# What is Blameshifting?



## asia (Dec 3, 2012)

I keep seeing this term and don't quite fully understand it. 

Is it when the spouse blames you for the affair? Is it when the spouse tries to make it seem like you can't understand something so its all your fault? Is it like they are saying they tried to talk to you but you (for whatever reason they give) now deserve whatever you get?

Can someone explain this please? Thanks.


----------



## Disenchanted (Sep 12, 2012)

"I wouldn't have strayed if you (insert whatever here)."


----------



## Hope1964 (Sep 26, 2011)

asia said:


> Is it when the spouse blames you for the affair? Is it when the spouse tries to make it seem like you can't understand something so its all your fault? Is it like they are saying they tried to talk to you but you (for whatever reason they give) now deserve whatever you get?


Yes.


----------



## Vanguard (Jul 27, 2011)

It's when a cheater opens their mouth and bile and feces come out.

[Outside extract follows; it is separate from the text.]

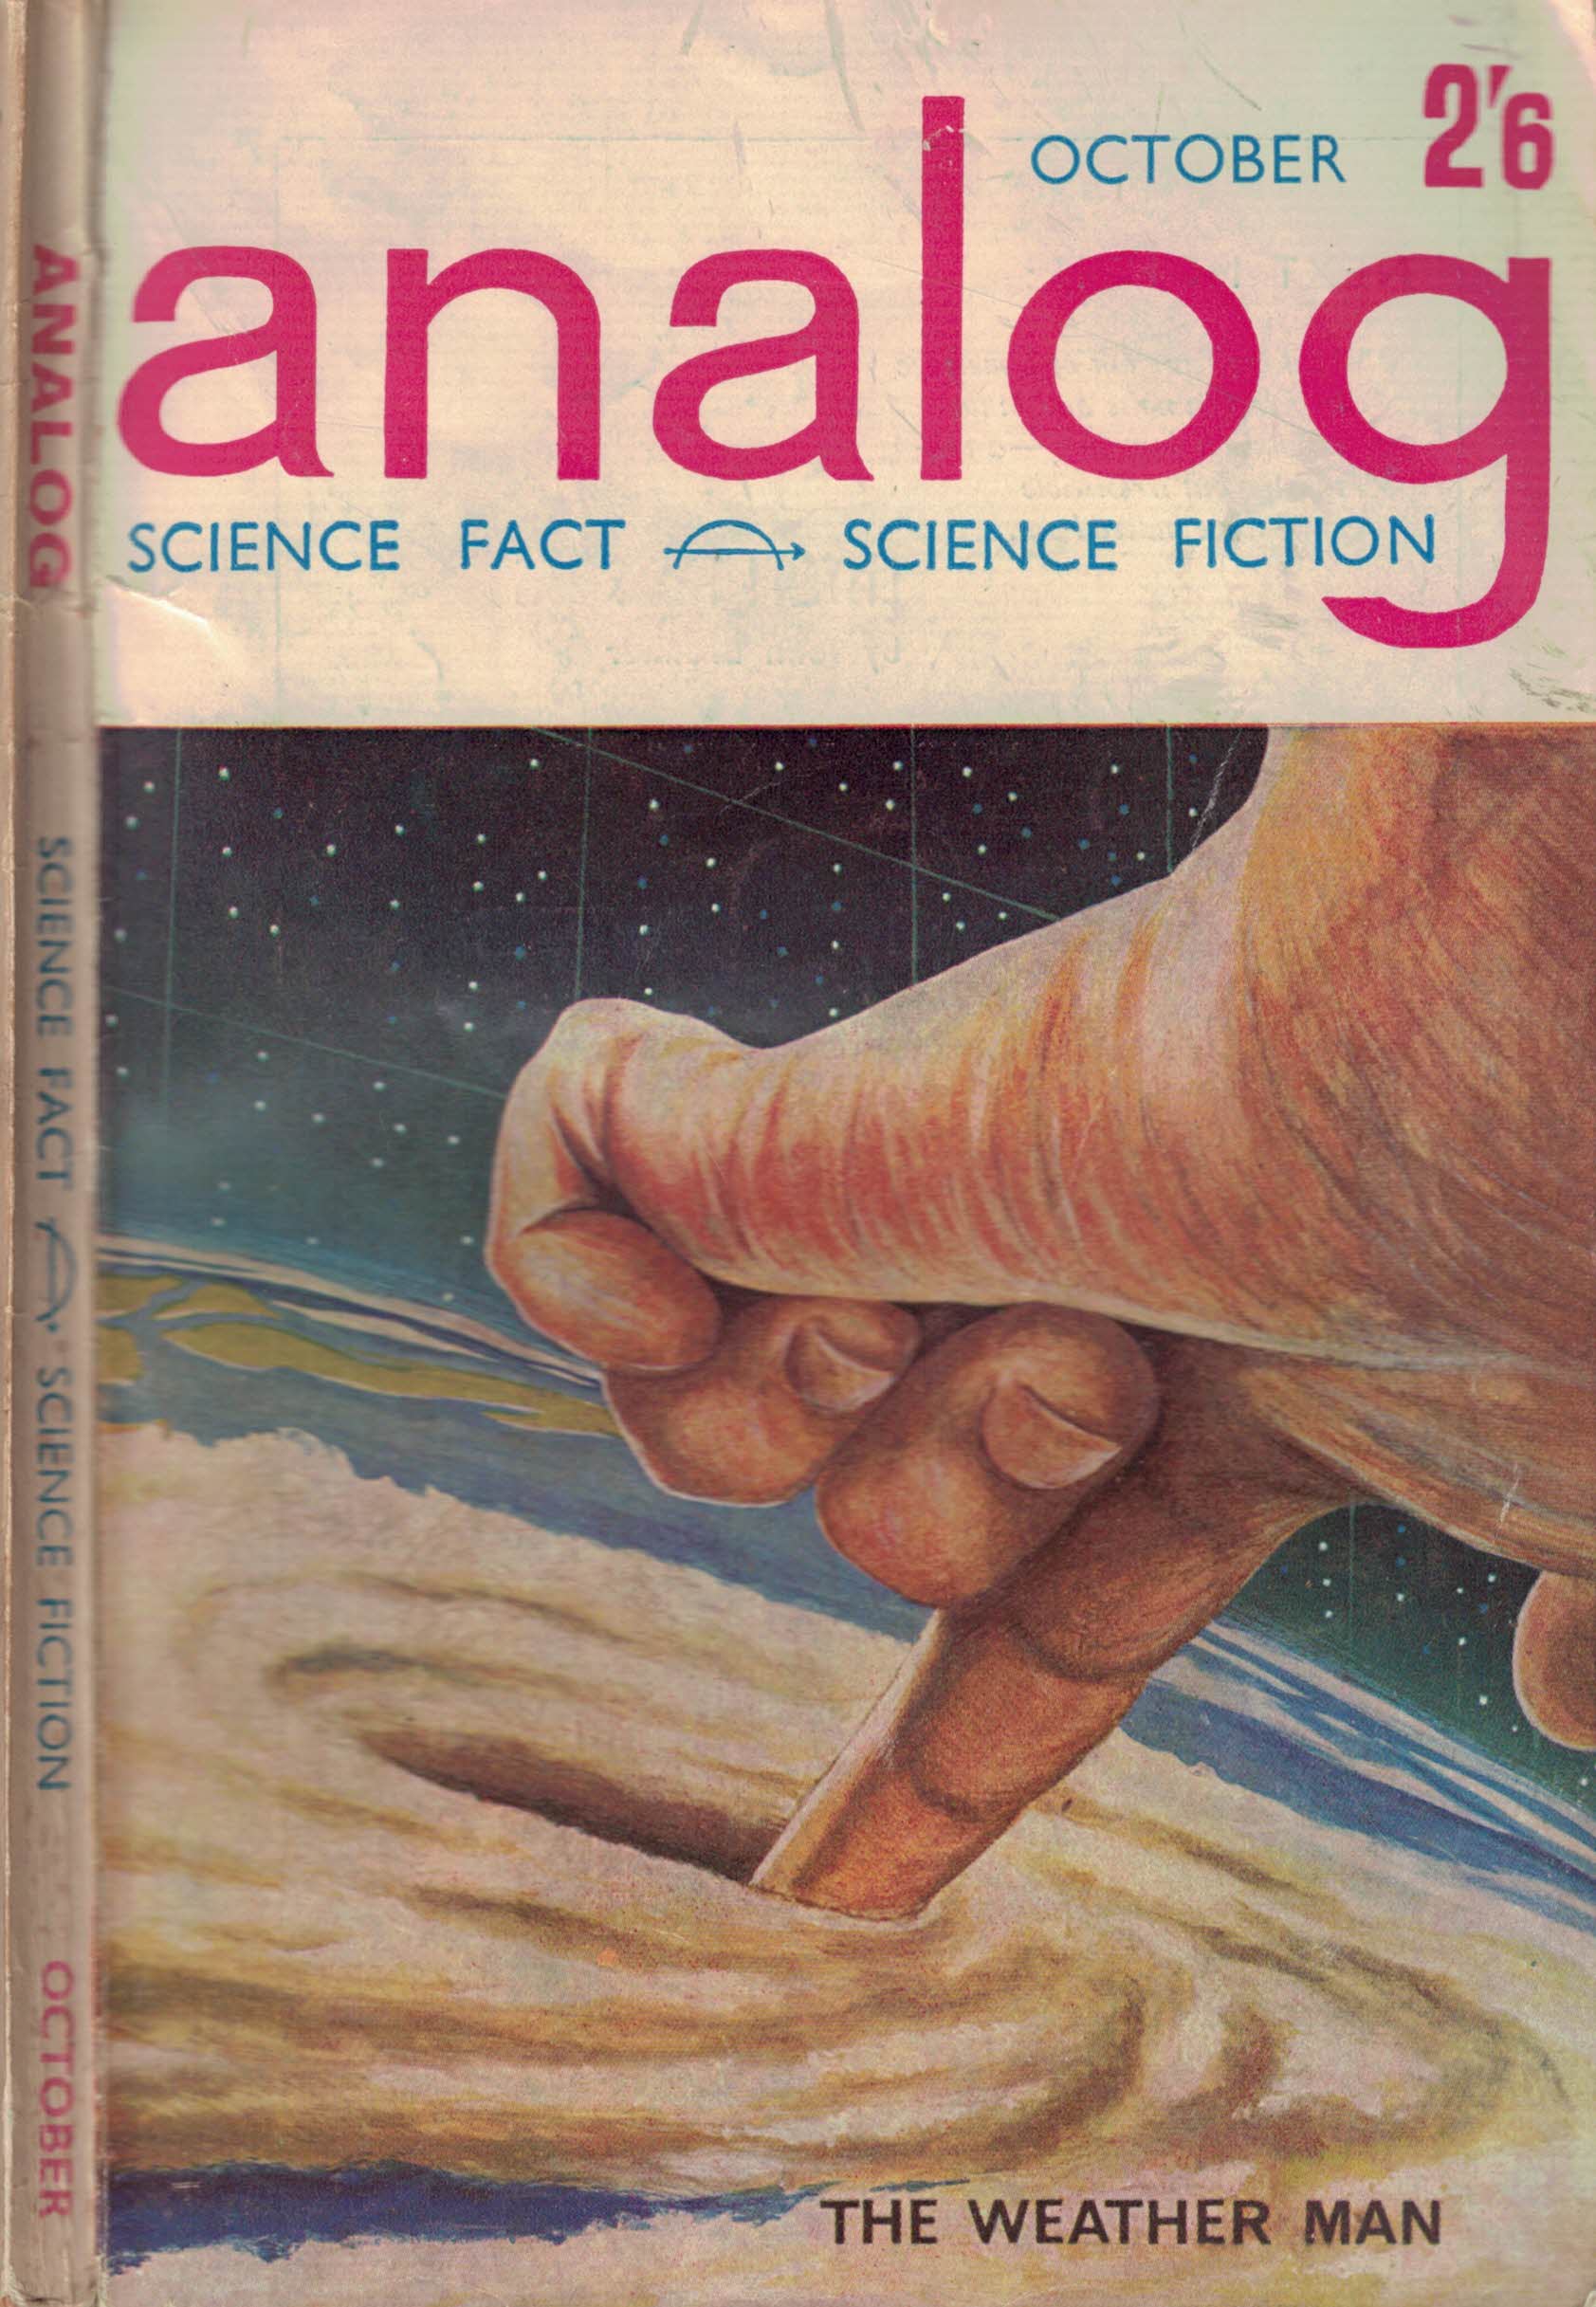 Analog. Science Fiction and Fact. Volume 18, Number 10. October 1962. British edition.

As Disenchanted beat me to the punch, it's a wayward spouse's method of trying to save face and perhaps level the playing field. 

Only the most delusional people (we have a couple of those) feel that they are justified in an affair, so most have to settle for not validating it, but rather qualifying it. Explaining it. My ex said that she kept her affair from me because she was afraid I'd hit her (though I had never hit or threatened to hit her in the 11 years we were together). 

It happens because cheaters can't come to terms with who they are. So they have to reinterpret and redefine what they've done.


----------



## Miss Taken (Aug 18, 2012)

Blaming your spouse/partner for your affair or other heinous behavior.

"I cheated because:

You weren't affectionate enough.
I thought you cheated first.
You never wanted to have sex.
I didn't think you liked me.
Our sex life was boring.
You never took me anywhere.
You never made me feel sexy/attractive/good/special/smart etc.
You pushed my buttons and I exploded.
You don't talk to me anymore.
You spend too much time with the kids.
You're never there for me when I need you.
You don't help around the house.
You gained/lost weight."

Any other excuses.


----------



## asia (Dec 3, 2012)

Ok so where does this blameshifting come from? 

Is it from shame and knowing they are wrong yet unable to admit it or they simply can't handle what they have done to you?

Can ignoring (it, you, the issue at hand) be considered blameshifting by not dealing with it?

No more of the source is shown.